A ghostly specter watches over city streets begging for someone to look up. It watches Masquerade on her way to a television interview where she answers questions about the Project: Superpowers team. Suddenly, lightning strikes around the world, and all planes begin falling from the sky. Despite claiming to be retired, Project: Superpowers reunites to catch the falling aircraft. Green Lama holds all the aircraft in the world with a vast magical net, and Black Terror, Masquerade, the Mighty Samson, the Scarab, work to evacuate the planes before Lama’s magic gives out.
This is my first introduction into the world of Project: Superpowers, and I’ve not read the original Jim Kreuger, Alex Ross, Doug Klauba and Stephen Sadowski series.
This comic makes its conceit clear very quickly though. Project: Superpowers was a war-time effort, the group was trapped in a magical urn, and now they are back in the year 2018.
That’s pretty straightforward, and it allows for another take on the Captain America “man out of time” idea.
This comic doesn’t spend much time on that (it’s likely it has done so in past iterations of the series), and it moves towards that crisis with the falling planes. It reveals little of the cause, and it ends as we are beginning to get clues about what’s going on.
It’s a quick read for sure. It does a decent job of giving you a concise idea of who its characters are.
The “everything was simpler in the old days” line is a bit tiresome. They weren’t. There were fascist-sympathizers, corruption, Japanese internment, rampant racism and Antisemitism, and all sorts of other deplorable things in the U.S. back then. Things may seem less simple now because we talk about a lot of these things, try to confront them, and are more honest about what the U.S. is now. That creates the illusion of sudden complexity, but these things didn’t just suddenly spring up sometime in the early 2000’s.

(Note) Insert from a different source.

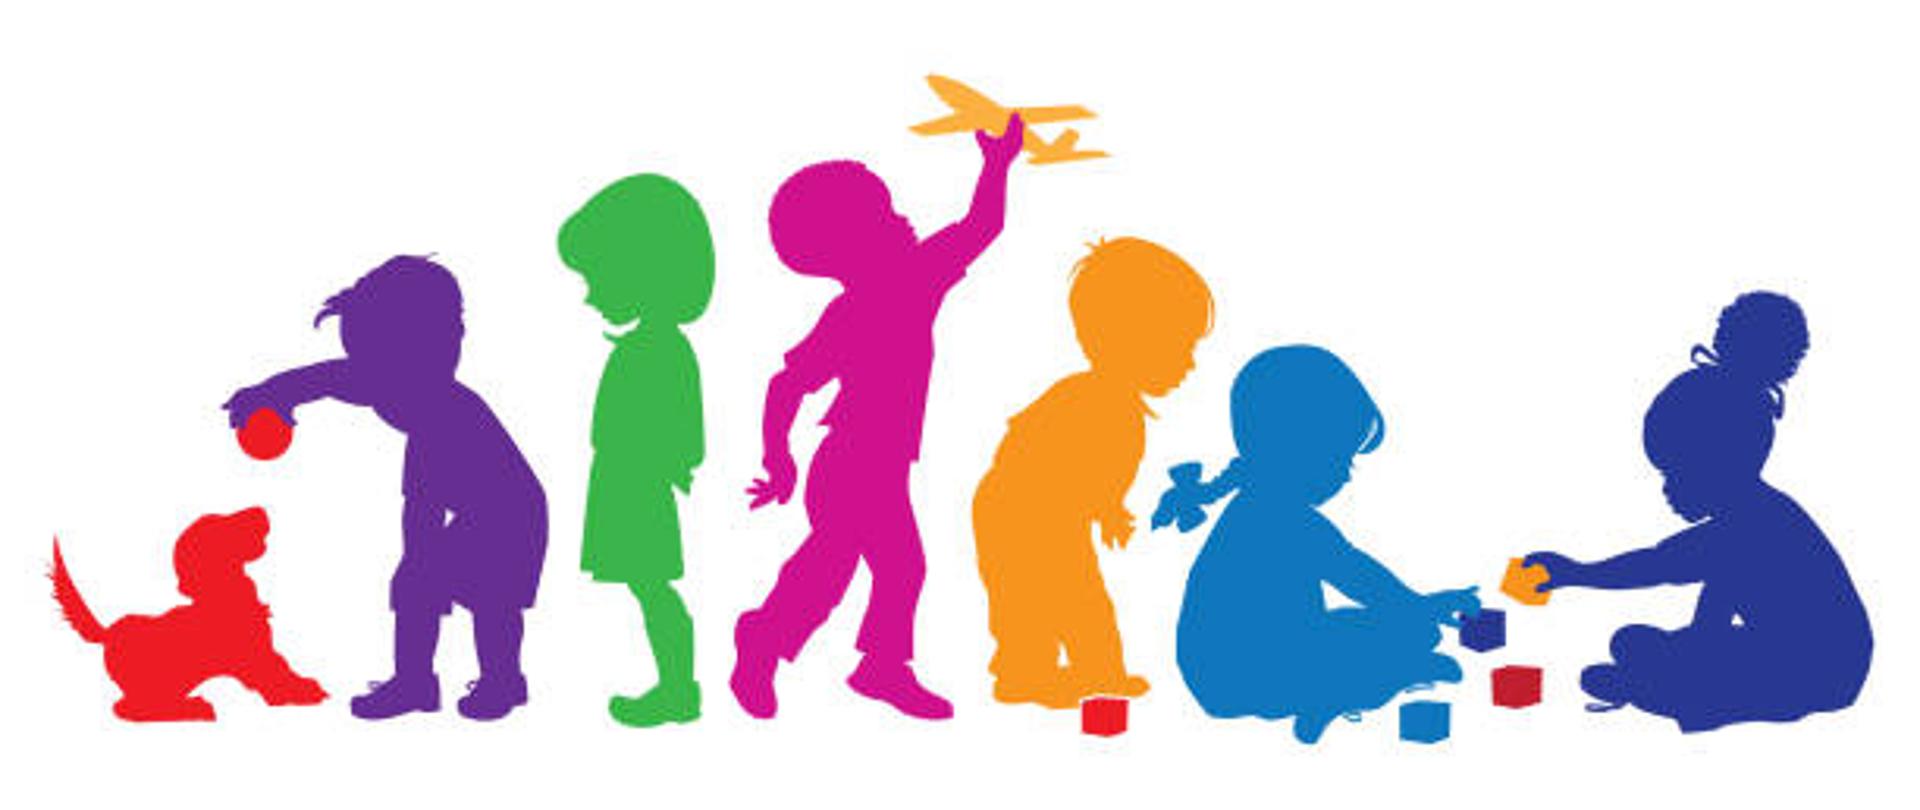 Silhouettes of young children at play.
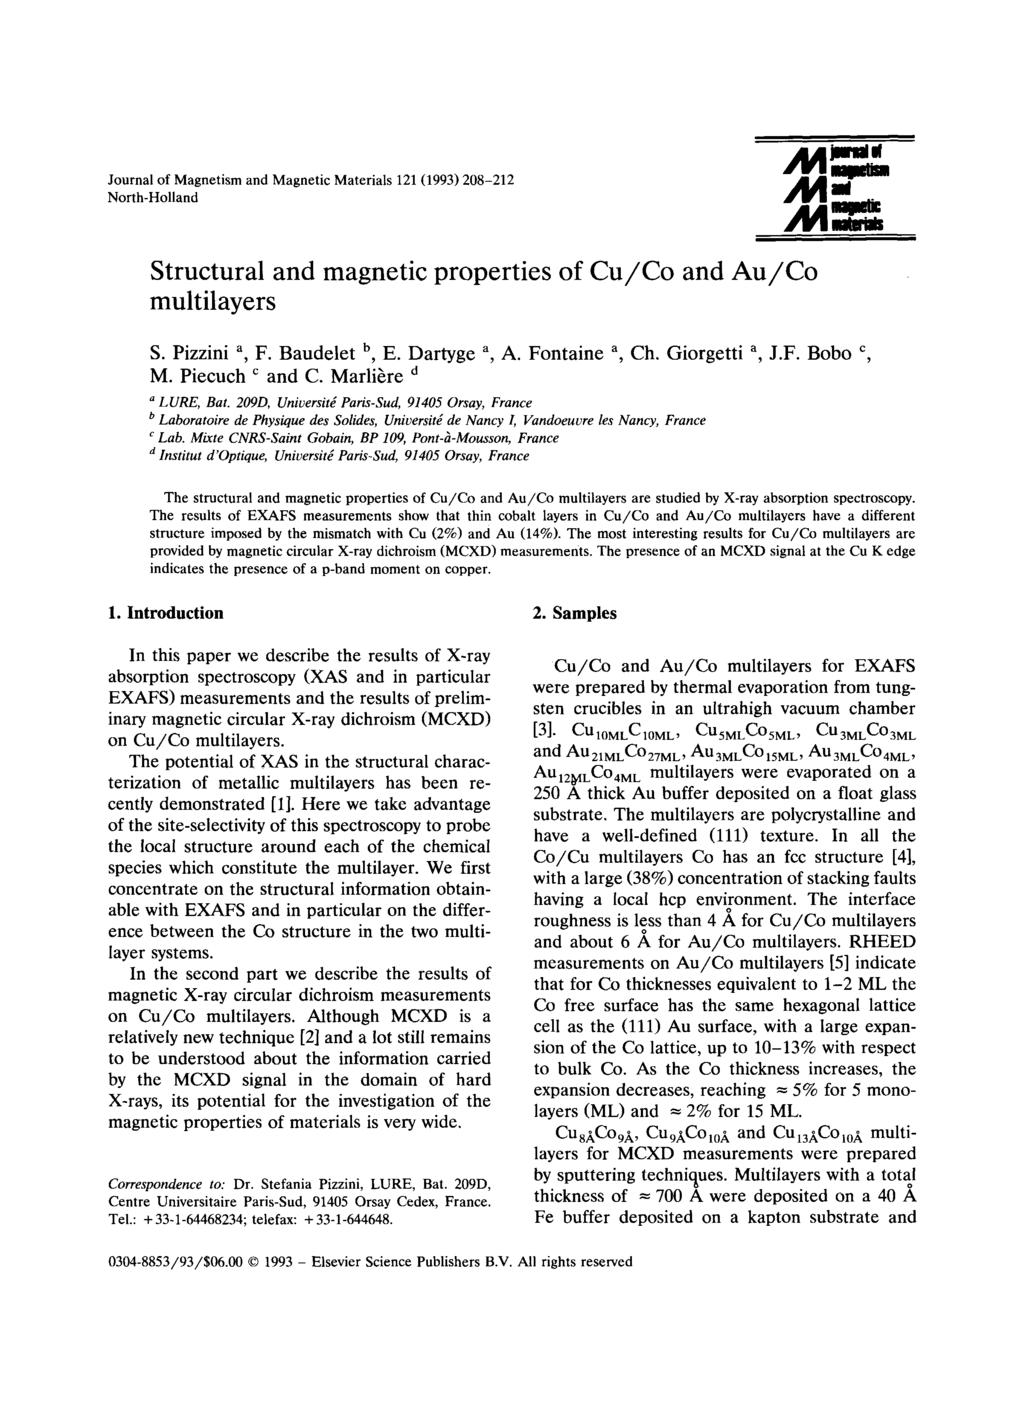 Journal of Magnetism and Magnetic Materials 121 (1993) 208-212 North-Holland Structural and magnetic properties of Cu/Co and Au/Co multilayers S. Pizzini a, F. Baudelet b, E. Dartyge a, m.

Sergio Davila’s artwork is quite gorgeous. His style leans on the realistic, giving a detailed and textured look to everyone and everything. The costumes look fantastic, and there is an especially nice impact effect attributed to Samson catching one of the planes. Felideus is on color art, and the result is a well-balanced palette that, of course, gets enjoyably wild once the costumes show up.
Project: Superpowers #1 is an enjoyable introduction to the world of these characters for the new reader. For those who’ve followed this story in the past, it’s likely an enjoyable return of this super team. The artwork is excellent, and the story is fairly interesting. This one is worth a recommendation. Feel free to check it out.